A simbologia Adinkra – que representa aforismos – é originária da cultura Akan, constituída por grupos étnicos e linguísticos da África Ocidental. Esses grupos são reconhecidos pelas habilidades em tecelagem, destacando-se nos territórios de Gana e Costa do Marfim.
Por meio das estamparias, diz a educadora, é possível explicar para os alunos padrões geométricos e abordar simetria de rotação, reflexão e translação, além de debater resistência, história e cultura afro-brasileira.
“A discussão do conceito em padrões geométricos nos tecidos afro-brasileiros é interessante para falar da junção dos símbolos com a Matemática, revelando relações do componente com a arte, a identidade e a cultura”, ressalta Élida.
A proposta também é uma oportunidade dos professores de Matemática pensarem em parceria com educadores de outros componentes. “É uma forma das aulas de Matemática dialogarem com outras áreas de conhecimento de forma interdisciplinar, possibilitando novas práticas educativas conectadas às práticas socioculturais”. Segundo Élida, isso valoriza os saberes tradicionais e contribui com formas diferentes de ensinar, facilitando que todos aprendam.
Reconhecimento e respeito por meio dos fazeres matemáticos
A professora Claudia Lorenzoni dá aulas para o Ensino Médio, na Licenciatura em Matemática e no mestrado e doutorado em Educação em Ciências e Matemática do Instituto Federal do Espírito Santo (IFES), além de também já ter atuado no Ensino Fundamental. Para ela, que é líder do Grupo de Pesquisas em História da Matemática e Saberes Tradicionais (GHMat) do Campus Vitória, diferentes matemáticas foram produzidas em função de diversas realidades socioculturais e ambientais.
“Uma análise mais atenta da história mostra como a Ciência, particularmente a que chamamos de Matemática, vem se constituindo na contribuição e interação de diferentes culturas. O surgimento do zero no mundo ocidental, sob influência de concepções hindus a respeito da vacuidade, é um exemplo clássico. Podemos citar outros como o conceito de matrizes sob influência chinesa ou a álgebra pelo mundo árabe, anteriormente ao Renascimento na Europa. Em todos os casos, nota-se um aspecto sociocultural”, exemplifica.

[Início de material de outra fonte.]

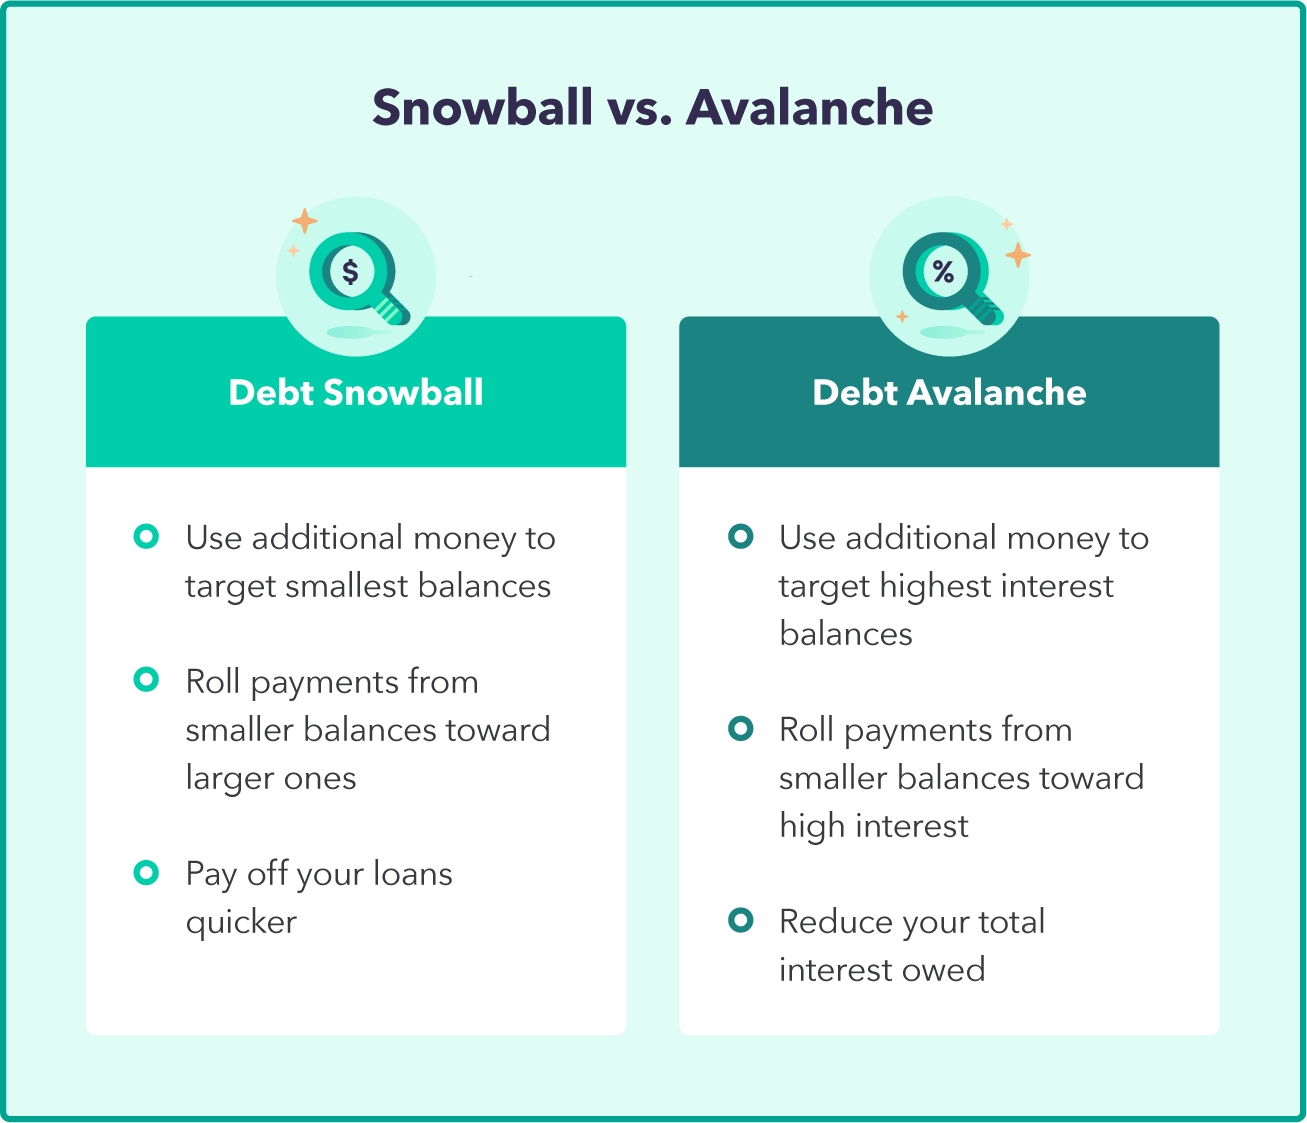 A graphic overviews the difference between the debt snowball method and debt avalanche method, as part of a debt snowball calculator. Some of those main differences include that the debt snow ball uses additional money to target small balances to the debt avalanche uses additional money to target higher interest balances. Included text: Snowball vs. Avalanche S ( % + Debt Snowball Debt Avalanche Use additional money to target smallest balances © Roll payments from smaller balances toward larger ones O Pay off your loans quicker Use additional money to target highest interest balances © Roll payments from smaller balances toward high interest O Reduce your total interest owed

No entanto, Claudia lamenta que, apesar de todo esse contexto que envolve culturas e modos de viver, ainda há quem considere que ensinar Matemática se reduz a cálculos e fórmulas. “Na prática, a Matemática se constitui na relação do homem com o mundo, quer seja em atividades cotidianas ou na necessidade de compreender realidades”, afirma.
Assim, é possível entender que confeccionar um cesto trançado envolve atividades de produção, organização e difusão de saberes com elementos caros para o componente curricular como formas, padrões, regularidades, grandezas e medidas.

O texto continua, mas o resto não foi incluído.